# Suche nach meiner 1.Gilde



## Philistyne (13. Mai 2014)

Hi ! Ich spiele nun schon seit 2005 WoW auf Arygos. Ich wollte mal wissen was aus meiner 1. Gilde in der ich war geworden ist. Sie hieß damals Teldrassils Erben auf Arygos. Vlt. Melden sich ja auch hier ehemalige Member der Gilde ! Was ist mit der Gilde passiert ? Transferierte sie ? Oder löste sie sich komplett auf ? Im Arsenal seh ich eine Gilde mit dem Namen mit Level 1 und nur einem Member! Vlt.
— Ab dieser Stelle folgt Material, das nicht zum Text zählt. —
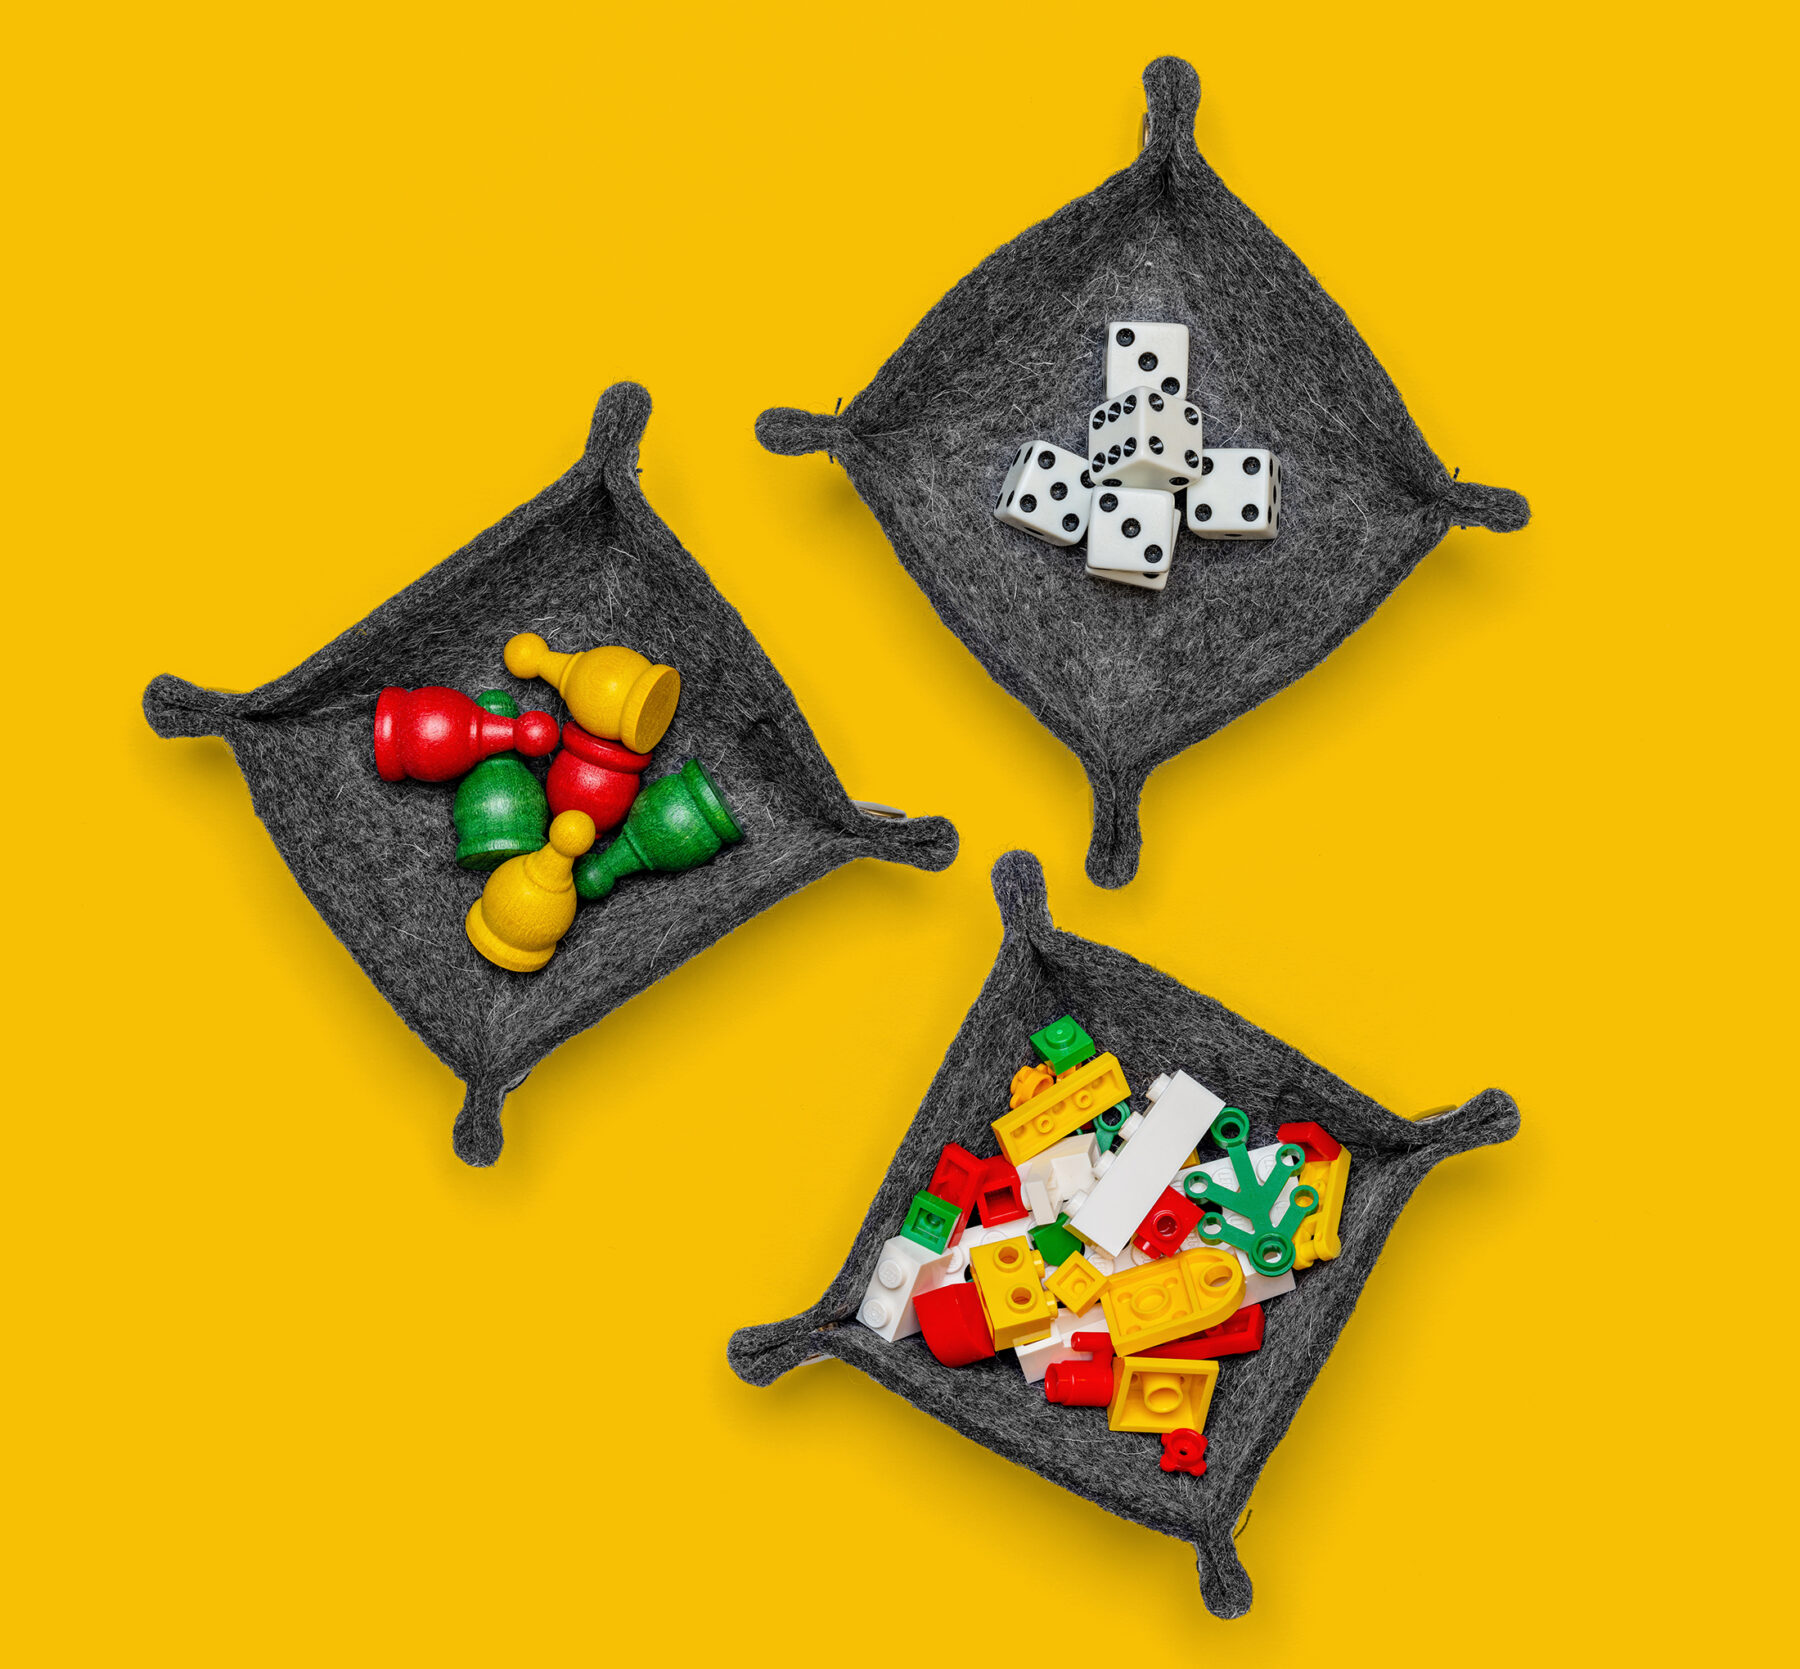 A birdseye view of three assembed trays each one holding: dice, colorful pawns, and Lego pieces.

Nutzt dieser sie nur noch als Bankgilde ? Wer Infos zu Teldrassils Erben hat schreibt mir hier mal bitte was mit der Gilde passiert ist damals ! Danke im voraus !


----------



## zampata (14. Mai 2014)

falls sich keiner Meldet, ein paar Informationen bekommst du von gewissen Seiten:

http://www.warcraftrealms.com/charsheet/47575051

http://www.warcraftrealms.com/guildexes/1148174


----------



## Philistyne (14. Mai 2014)

Danke Zampata ! Die meisten aus der Gilde spielen schon lange nicht mehr aktiv .


----------



## Bibolein (25. Februar 2015)

ja hier.. Bibo :-)

habe bis 2011 noch gespielt und noch zu ein zwei Kontakt gehalten ...


----------